# Work required:
From the first line to the last, restate the material word for word; pictures stay out.

*** Collected data ***

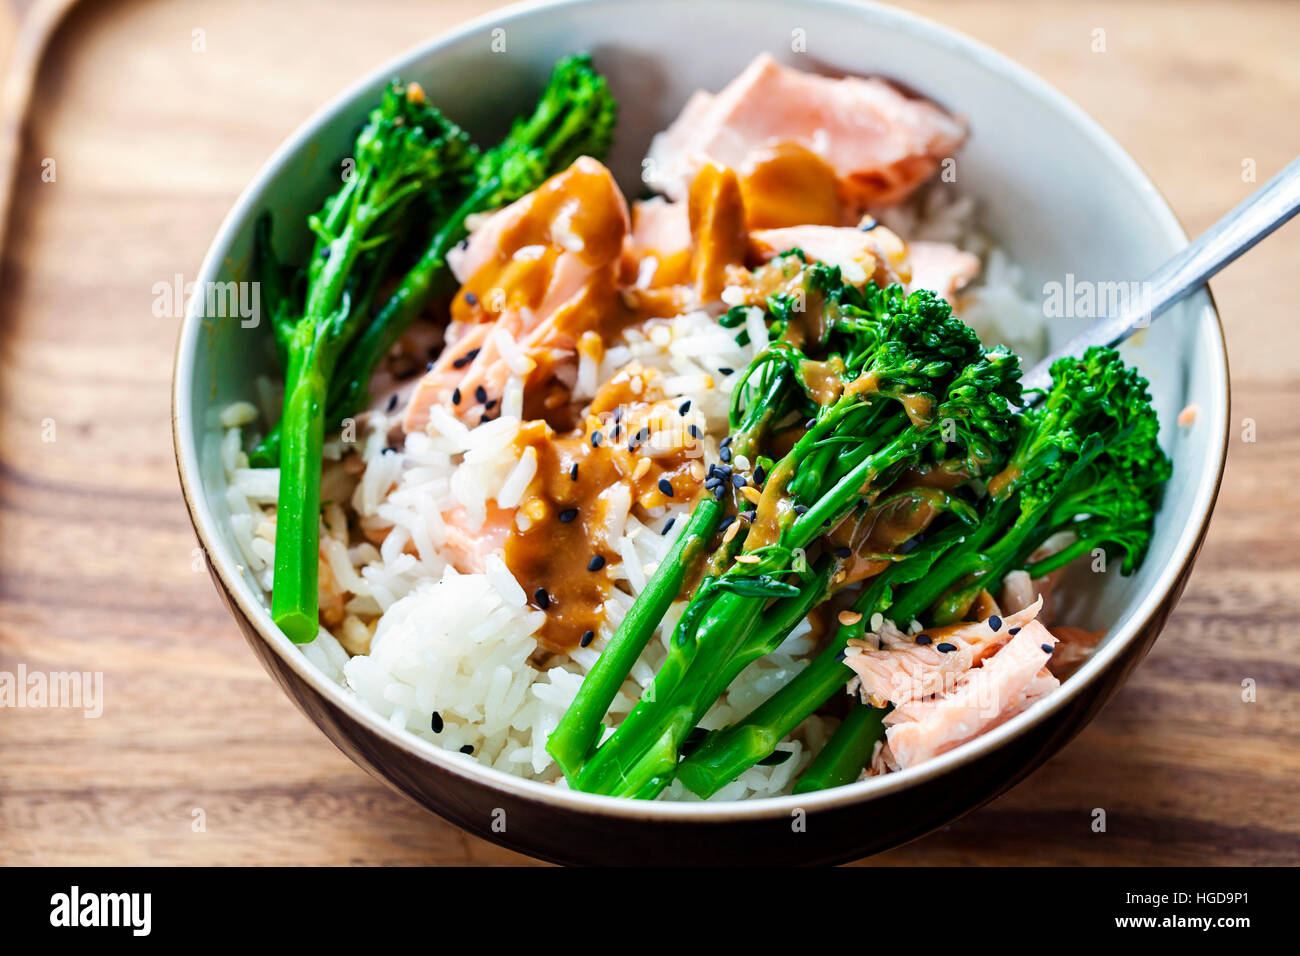 Salmone bollito con riso, broccoli e salsa di miso Foto Stock
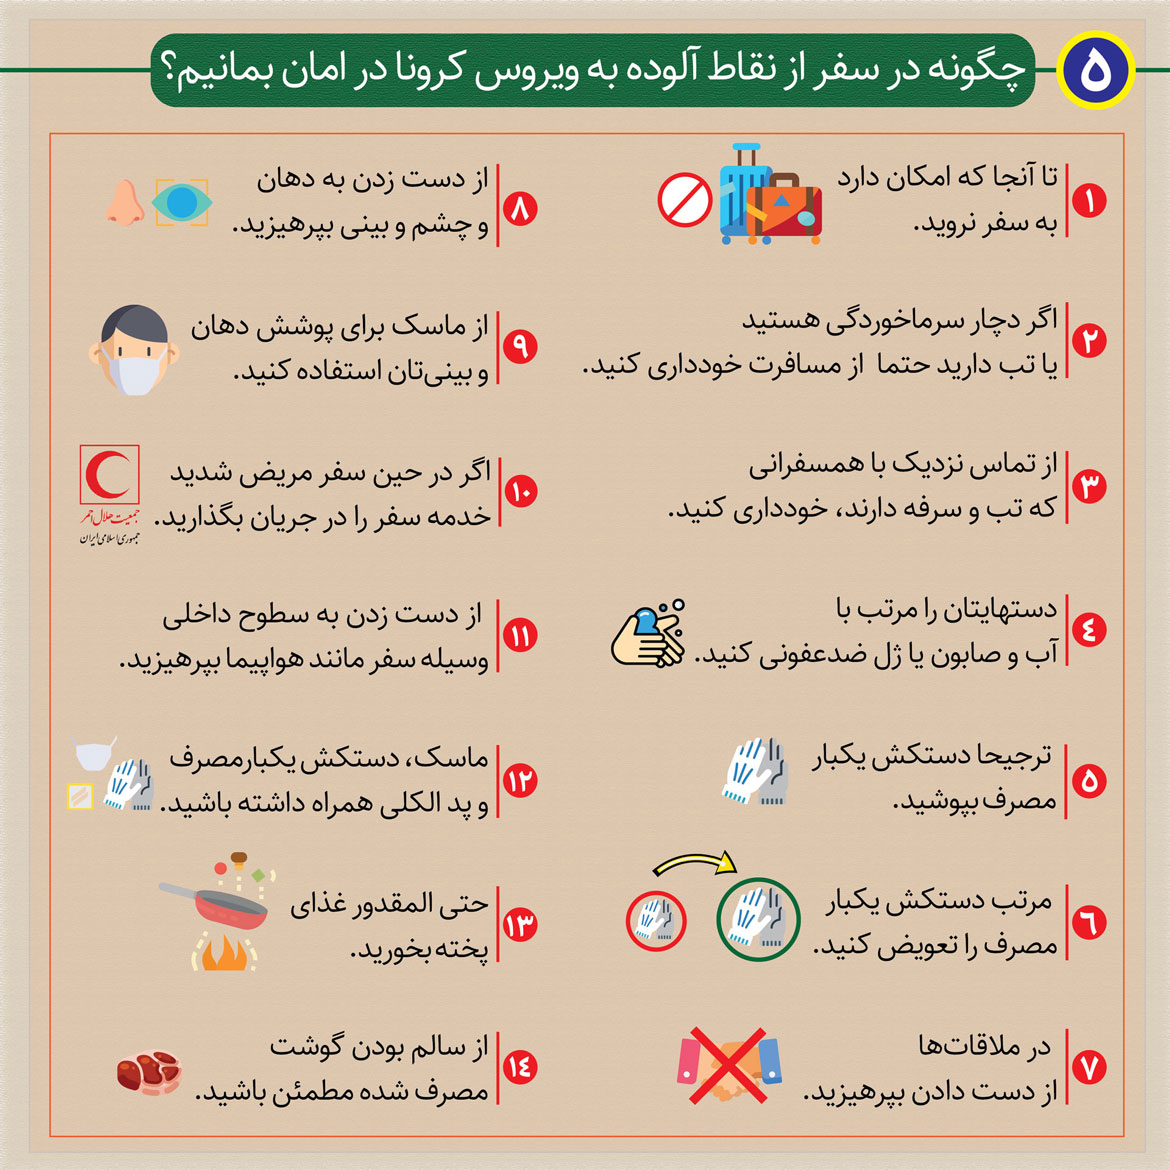 کرونا در ایران ضدعفونی با محلول وایتکس
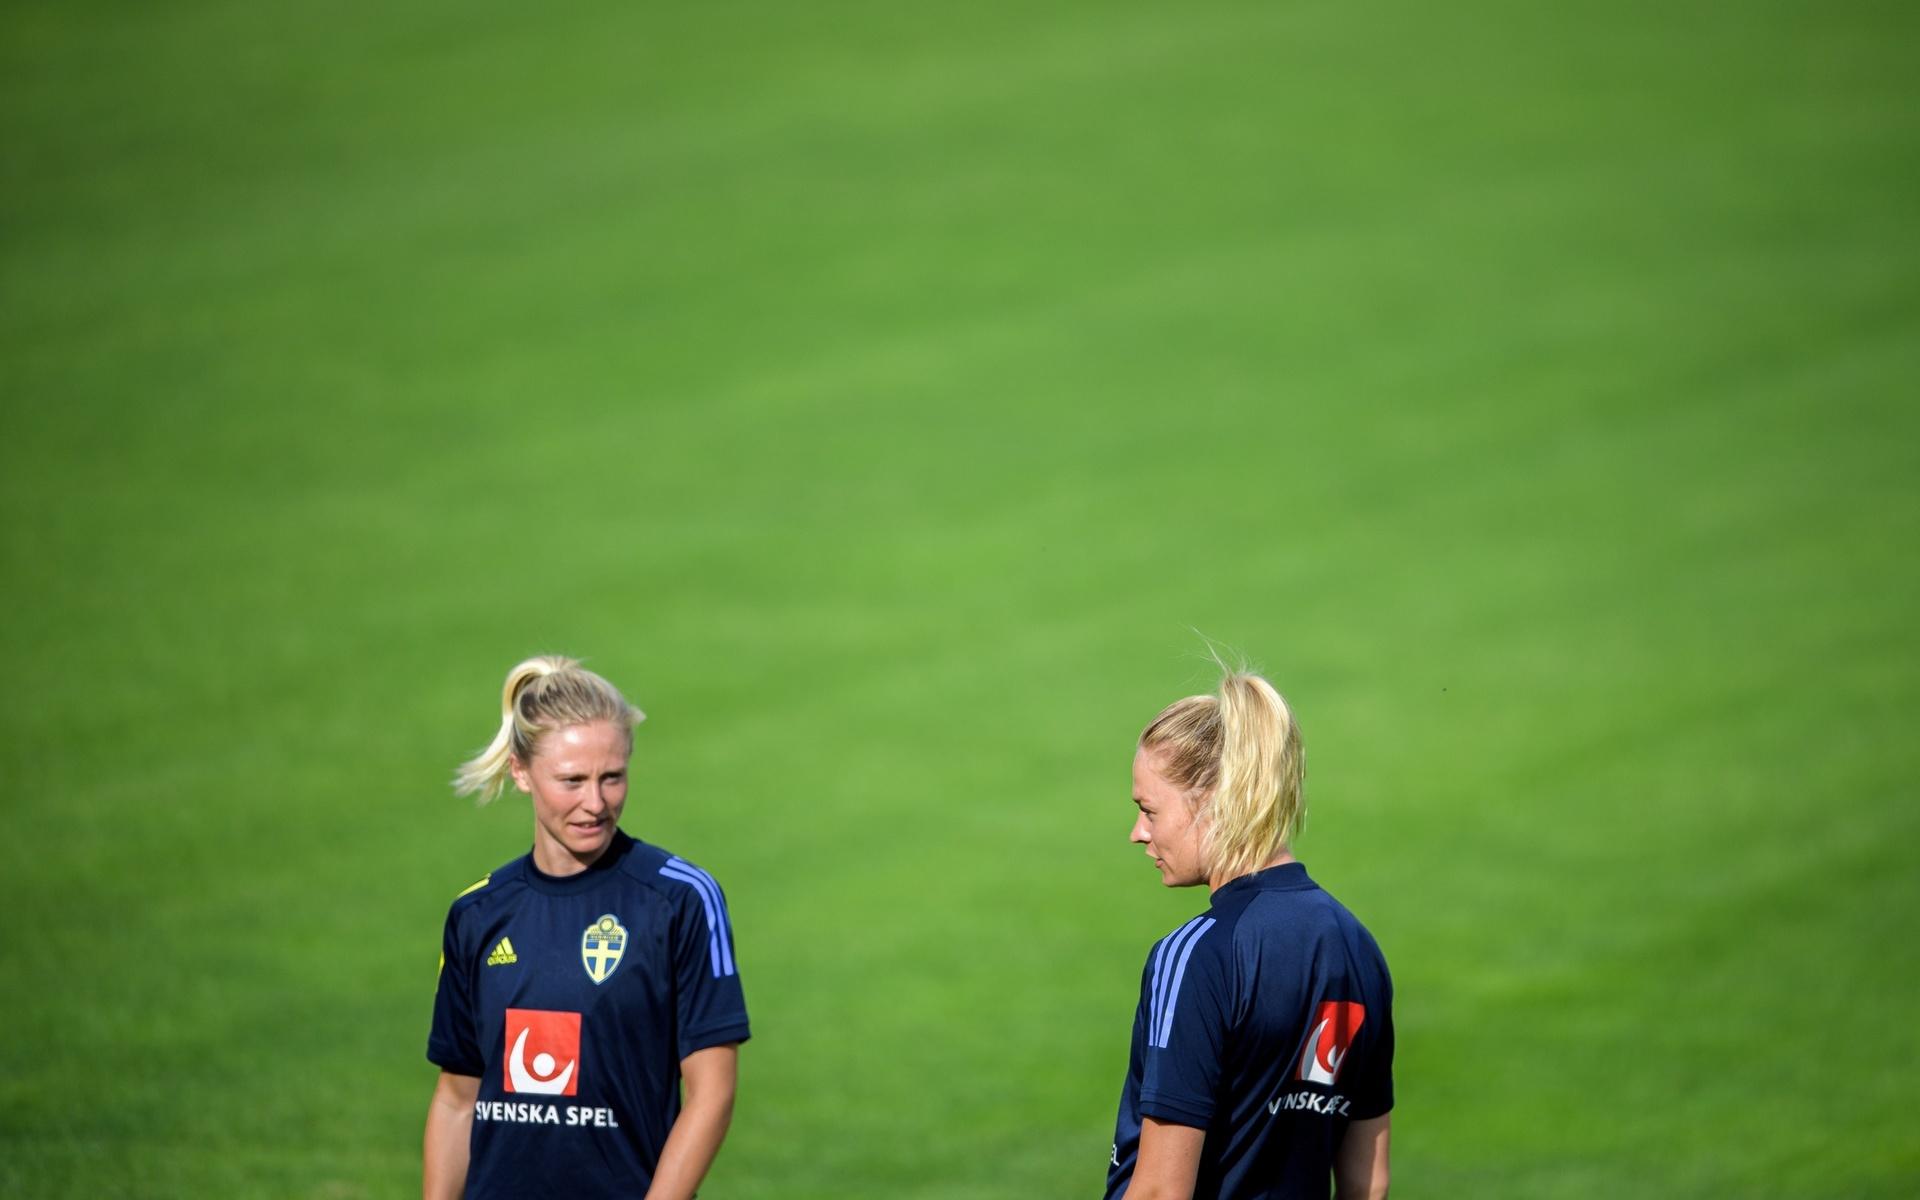 Rebecka Blomqvist och Fridolina Rolfö var lagkamrater i Wolfsburg. Blomqvist tror på Rolfö-succé i nya laget: ”Hon är en fantastisk spelare så de kommer ha god nytta av hennes speed, teknik och tillslag”.
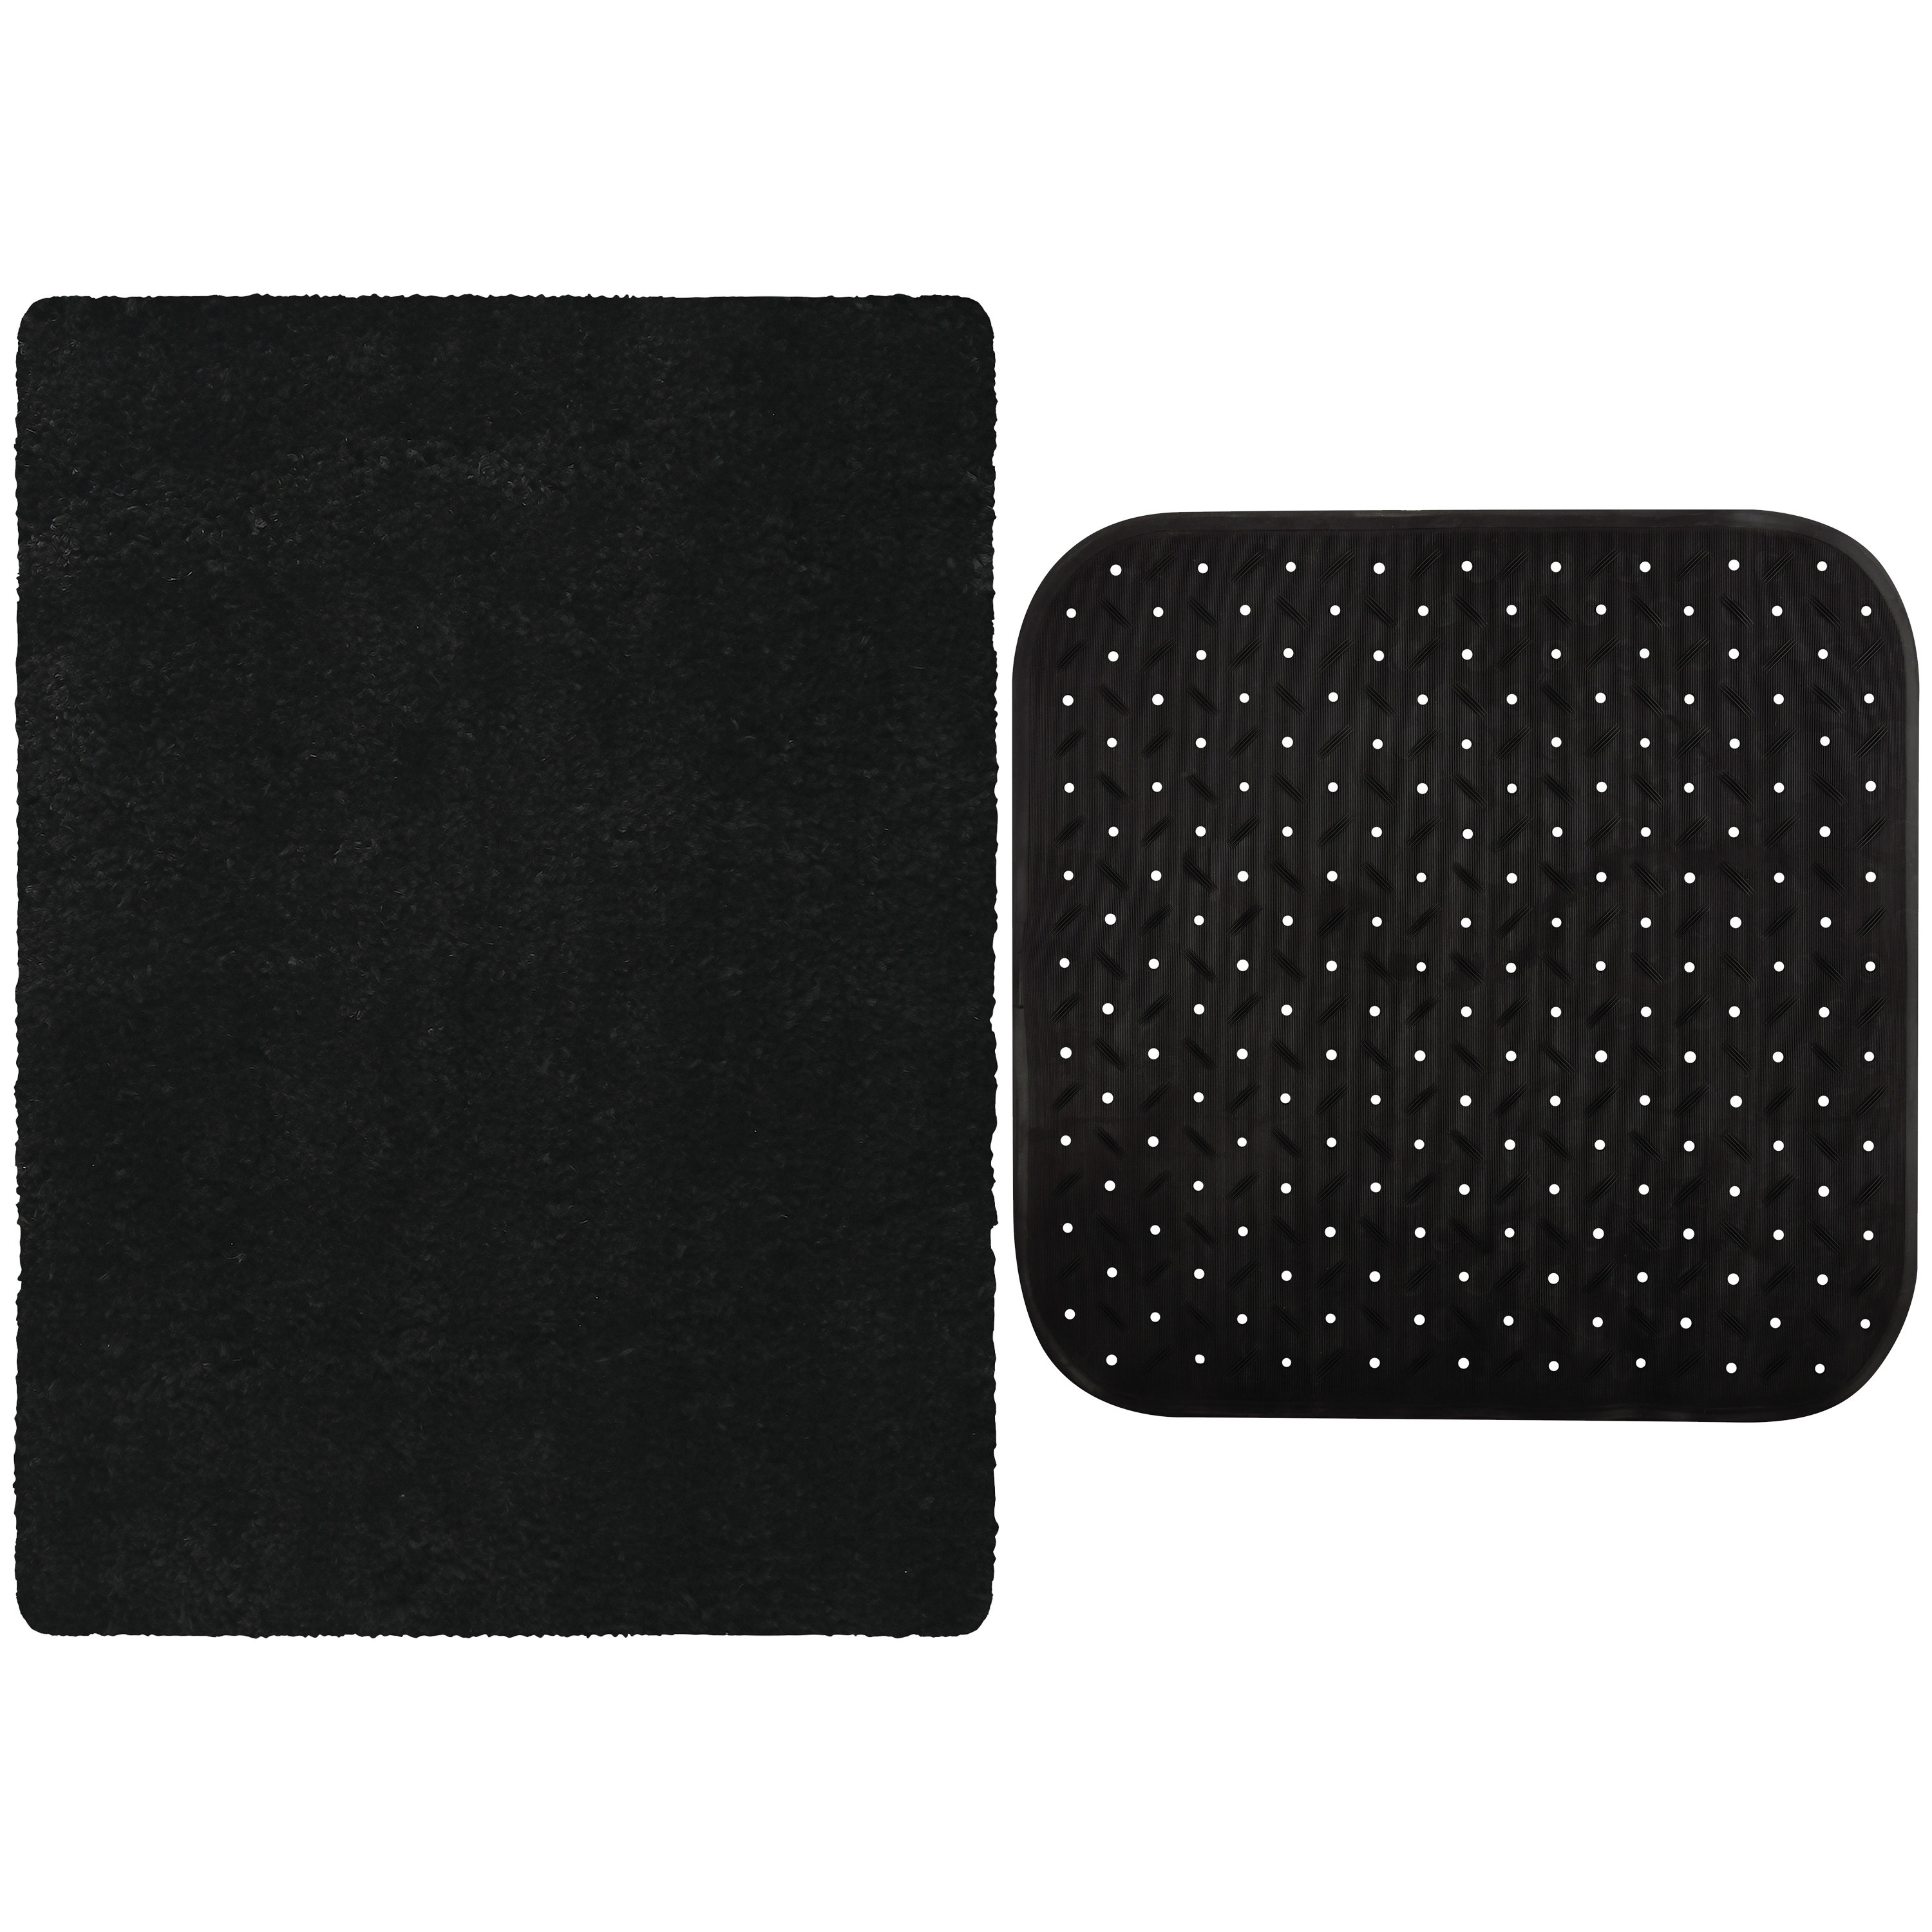 MSV Douche anti-slip mat en droogloop mat Venice badkamer set rubber-microvezel zwart

*** End of Collected data ***

# Response area:
 Salmone bollito con riso, broccoli e salsa di miso Foto Stock
 کرونا در ایران ضدعفونی با محلول وایتکس
 Rebecka Blomqvist och Fridolina Rolfö var lagkamrater i Wolfsburg. Blomqvist tror på Rolfö-succé i nya laget: ”Hon är en fantastisk spelare så de kommer ha god nytta av hennes speed, teknik och tillslag”.
 MSV Douche anti-slip mat en droogloop mat Venice badkamer set rubber-microvezel zwart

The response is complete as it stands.